Homegrown brides-to-be seeking their own personal Pnina will soon have a shorter distance to travel. Hudson's Bay is preparing to open its own Kleinfeld salon May 1 at its Queen Street location in downtown Toronto, where Tornai's creations will be among the featured attractions.
"For eight years, I've been seeing the Canadian bride in New York, and for some reason the Canadian bride always ends up buying a Pnina dress — one of my dresses," the affable Tornai said during a recent interview in Toronto, outfitted in a sleek, long-sleeved black dress (one of her own creations) paired with Christian Louboutin boots.
"It's so obvious for me that I have to be here, because that's my bride."
Tornai was in town for what was billed as her first Canadian appearance — a trunk show at The Wedding Room wedding show — where she brought about 60 gowns and met with brides-to-be.
She has taken the work commute to new extremes, travelling monthly from her hometown of Tel Aviv to New York for eight years to meet with brides. Such devotion has brought her recognition and exposure through her runway showcases and work as a both a reality star and actress. But the miles in the sky, she says, are necessary for a different reason as well.
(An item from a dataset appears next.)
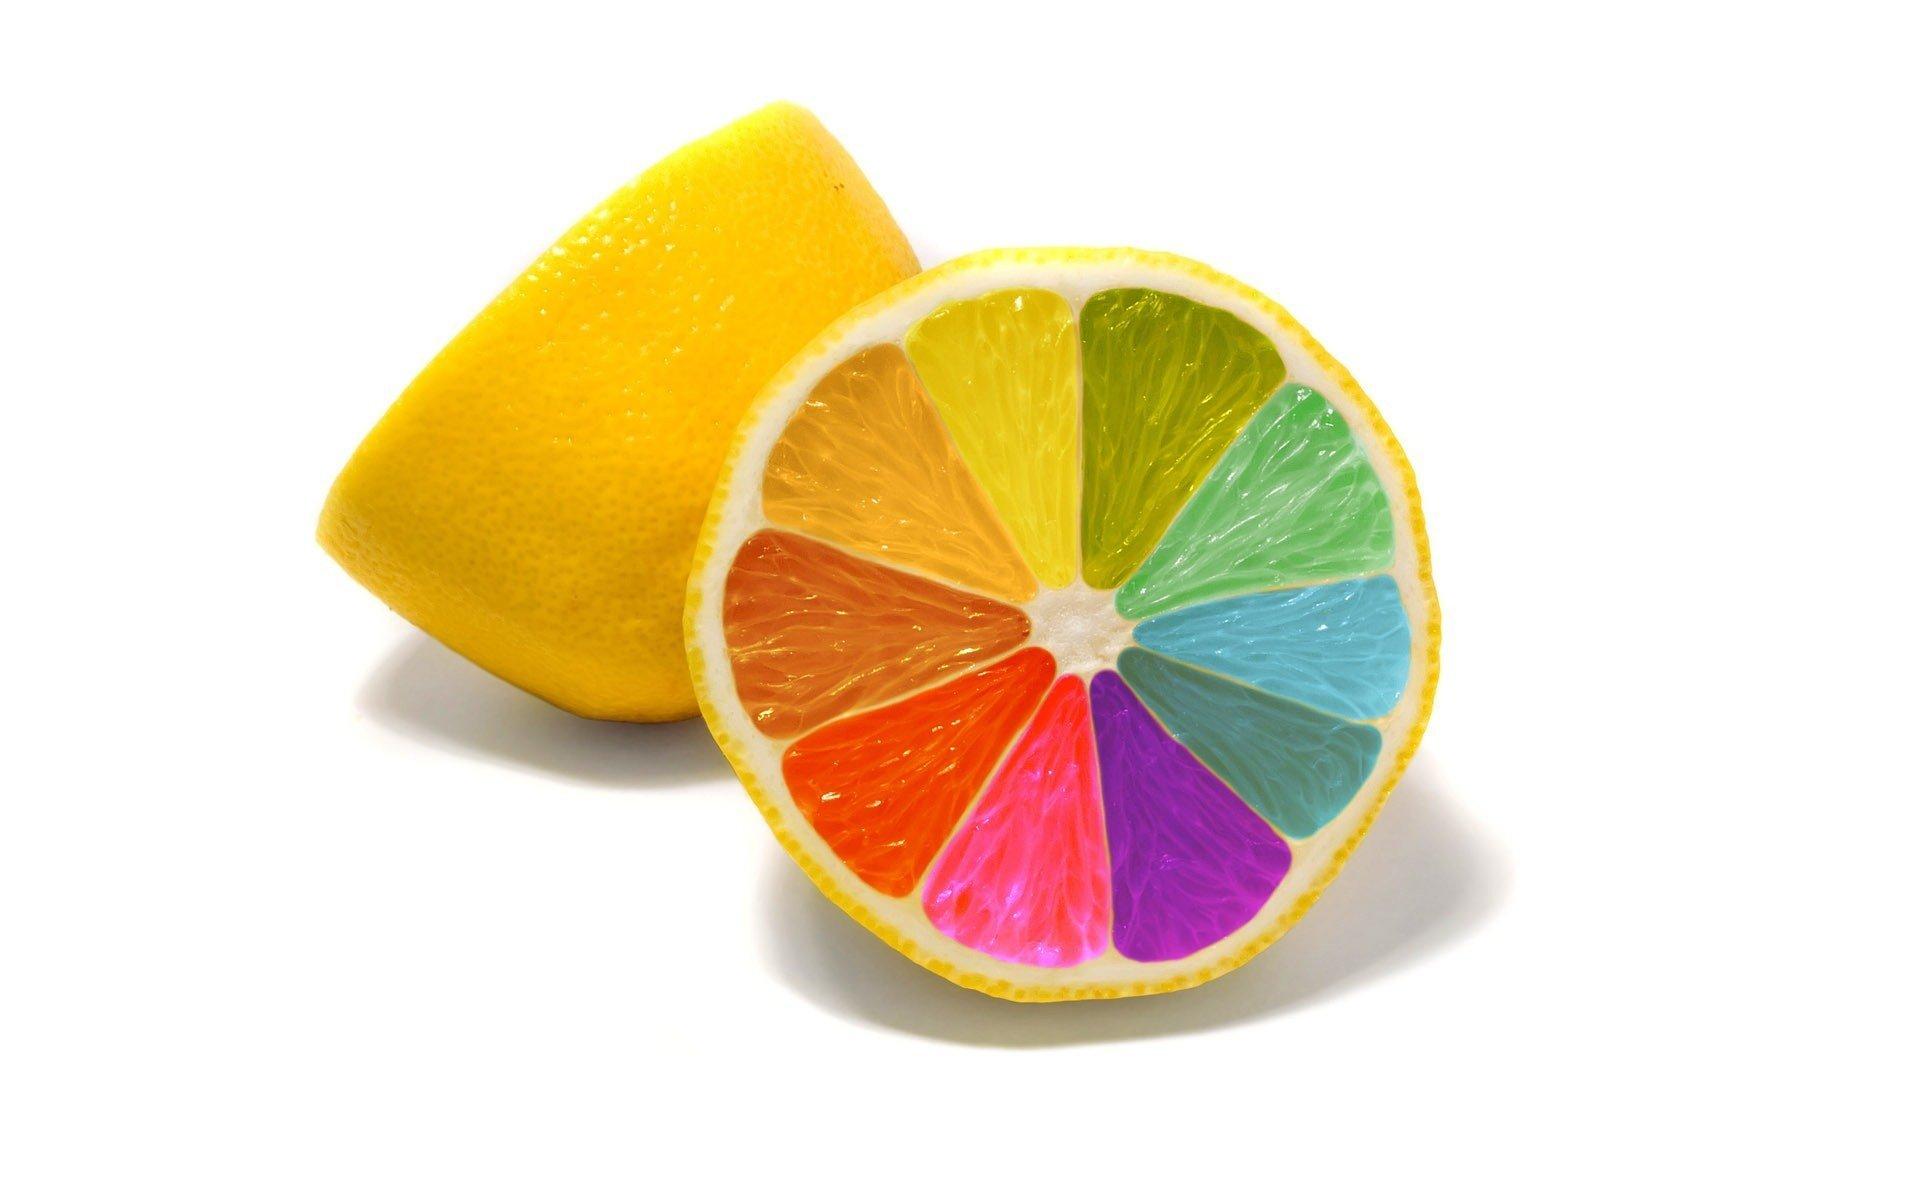 Colorful Food Wallpaper Free Download: Colorful, Food, Simple Background, Minimalism, Lemons HD

"I receive my inspiration from working with the brides, from meeting so many different brides from all over the world, different cultures, and working with the bride really makes me create," Tornai said.
"I think those brides deserve to work with the artists. I think it's not the same if I send a rep. It's not the same. I'm the mother of the dress!" she added, with a laugh.
Her range includes more spare, minimalist offerings, like elegant sheath dresses in silk satin and lace. But it's the ornate gowns showcasing sexy, sheer bodices, voluminous ball gowns, elaborate embroidery and creations swathed in copious clusters of crystals that have helped distinguished the designer's bridal wear offerings.
"I would say my corsets are my signature," said Tornai, who also designs eveningwear.
"I love draping the whole dress in one piece of fabric — which is very difficult to realize and do — but the result is really unique," she added.
Viewers of "Say Yes to the Dress" are well aware Tornai's designs can come with a price tag in the five-figure range.
Tornai said the gowns are made in Tel Aviv — where she works with a team of about 50 women — and said the dresses "goes through every hand that works with me" including pattern-makers, sewers, cutters and beaders.
She said wedding gowns start from around $3,500 and that "the sky's the limit," as it depends on the nature of work needed to achieved the wishes of a specific bride. She recalled one client who wanted real, precious stones sewn into her dress.
"Sometimes it's unique fabrics, sometimes it's the way we work with the fabrics and it's the time that it takes. We have skirts that take 280 hours to sew," she said.
"It's handrolled flowers, it's sculpturing flowers, it's hand beading, it's Swarovski stones, it's sometimes zircons that we use on dresses."
Tornai said she also has what she calls in-between collections where she seeks to maintain the spirit of her line while scaling down prices so most brides can afford to wear one of her creations.
There are plenty of wedding dress guides offering guidance for selecting certain styles to help flatter a woman's figure: mermaid or trumpet-style gowns for hourglass shapes, empire dresses for plus-sized brides and sheaths or column dresses for slender or petite women.
Tornai seems less rigid when it comes to following a structured set of rules in picking the ideal dress, noting the brides should be more mindful of their proportions rather than fixating on the size of the gown. That said, she recommended women try to narrow their focus on a particular look they may favour to help navigate through the available styles, but to also be open to trying different cuts if their initial picks don't pass muster.
Tornai is hoping to parlay her success into other apparel and accessory offerings, with plans to launch a bathing suit line and thoughts of creating lingerie.
"My dream is to be — believe it or not — like the Martha Stewart of the bridal world," she said.
"I can imagine myself very soon on QVC or home shopping television showing so many different items, so many different things that can go into the bridal world or even expand into the everyday world."